Mental model
A Harn conversation is a stack of nested boxes. The outer boxes contain the inner ones; sessions sit alongside the stack and outlive any single box.
Pipeline <- the .harn program itself
└── Workflow <- optional typed graph above raw calls
└── Stage <- one node in that graph
└── Agent loop <- "keep going until done"
└── Iteration <- one model request-response cycle
├── LLM call <- one HTTP-ish request to a model
└── Tool call(s) <- 0..N inside that iteration
Orthogonal to all of the above:
Session <- the durable conversation handle
└── Transcript <- {messages, events, assets}
Worker / Subagent <- a delegated agent with its own loop
Each layer adds exactly one capability over the layer below it. If you don't need the capability, don't reach for the layer.
Layer by layer
LLM call. One request to a model. The atom. llm_call(prompt, system, opts)
returns a dict with text, tool_calls, token counts, and a transcript
fragment. No looping, no completion detection.
Tool call. The model emitted "please run read_file(...)". Tool calls
happen inside an iteration; one iteration can contain several. They're
recorded in the transcript as their own events.
Iteration. One round-trip: prompt-out, response-in, plus whatever tool
dispatch happens before the next prompt-out. The agent loop counts iterations
and stops when max_iterations is hit or the model signals completion.
Agent loop. Run iterations until done. agent_loop(prompt, system, opts)
owns completion detection, tool dispatch, budget enforcement, and the terminal
status (done, stuck, suspended, budget_exhausted, provider_error,
idle, watchdog, failed).
Stage. A named node in a workflow graph. Wraps an agent loop, an llm_call,
a verification step, a join, or a sub-agent. Gives the unit a type contract and
a position in the graph.
Workflow. A typed, inspectable, replayable graph of stages.
workflow_execute(task, graph, artifacts, opts). Lives above the raw calls so a
multi-stage agent isn't just a script that calls agent_loop four times.
Pipeline. The top-level .harn program with fn main(harness) and the
harness lifecycle callbacks (PreFinish, on_finish, OnUnsettledDetected,
PostFinish). Not itself agentic — it's the container in which agents, workers,
and workflows run.
The orthogonal axis: sessions
A session is the durable container for a conversation. It owns the transcript, knows its parent and children (sessions can fork), pins a system prompt and a model, and survives across many agent loop invocations.
You can:
- Run several agent loops against one session and they share the transcript.

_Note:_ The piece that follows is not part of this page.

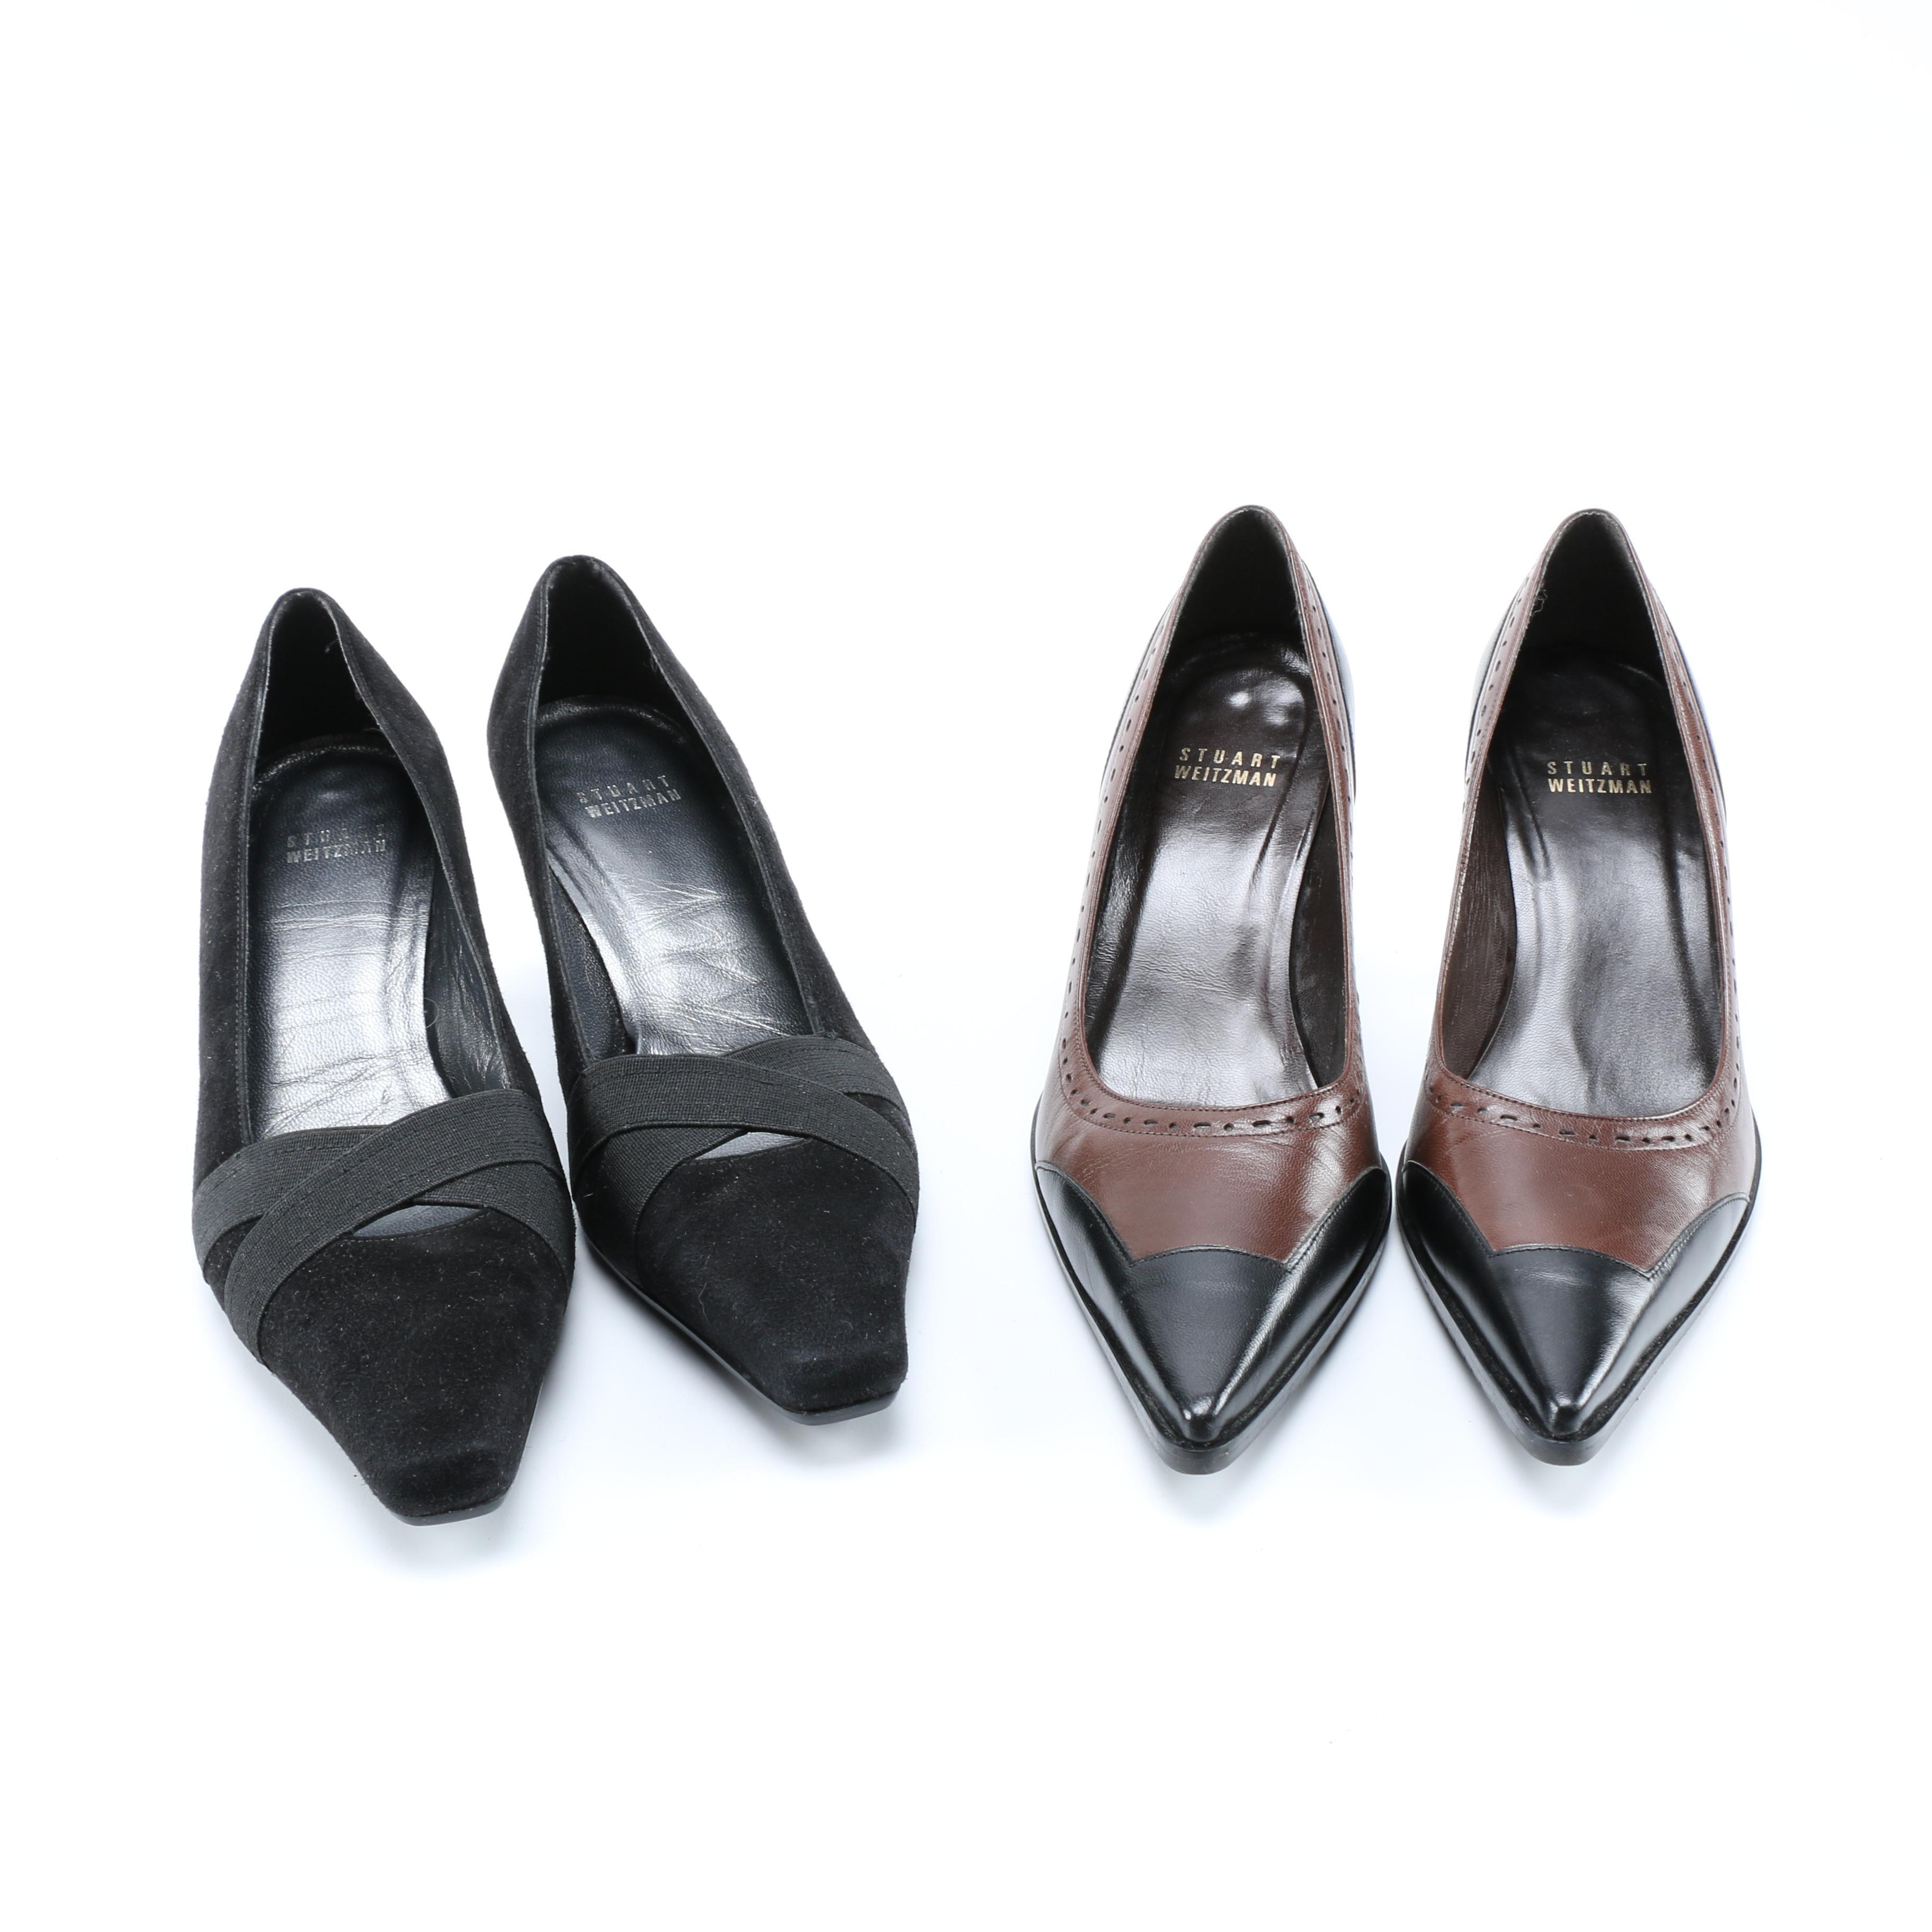 Women's Stuart Weitzman Heels

- Fork a session for counterfactual exploration without disturbing the original.
- Compact a session's transcript when it grows too long for the context window.
- Snapshot a session for replay and audit.
- Close a session when you're done.
Sessions are independent of loops. A single agent loop creates an implicit session if you don't pass one; a long-running daemon may use one session across hundreds of loops.
The other orthogonal axis: workers
A worker is an agent running in its own execution context, with its own
transcript, its own loop, and its own snapshot. You spawn_agent to create one,
suspend_agent to pause it cooperatively at the next iteration boundary,
resume_agent to wake it (optionally with new input), and
agent_await_resumption from inside the worker for self-park.
Workers exist so that a parent pipeline can delegate work without coupling its own loop to the child's. They're the unit of parallelism, of background daemons, and of multi-agent orchestration.
What this model is good at
- Predicting where a value comes from. If you have a
dictin hand and want to know what produced it, walk up the layers: this is a tool call result; it lives inside an iteration; the iteration is part of an agent loop; the loop ran inside a stage of a workflow; the workflow ran in a pipeline. - Reasoning about cost and latency. Cost lives at the LLM-call layer; the loop layer multiplies it by iteration count; the worker layer multiplies again by parallelism.
- Choosing the right abstraction. The decision guide is in Choosing an agent abstraction: climb the layers only when you need what the next one adds.
What this model deliberately doesn't model
- The protocol layer. MCP, ACP, and A2A live underneath
llm_calland outside the pipeline boundary. They're transport, not orchestration. See protocol support. - Retries and middleware. Both are handled by composing functions around
llm_call(the handler middleware pattern), not by adding a new layer to the stack. - Memory and skills. Both ride on the session/transcript axis.
If you ever find yourself wondering "where does this concept live in the stack," check the glossary first — every name in Harn is documented to one of these layers.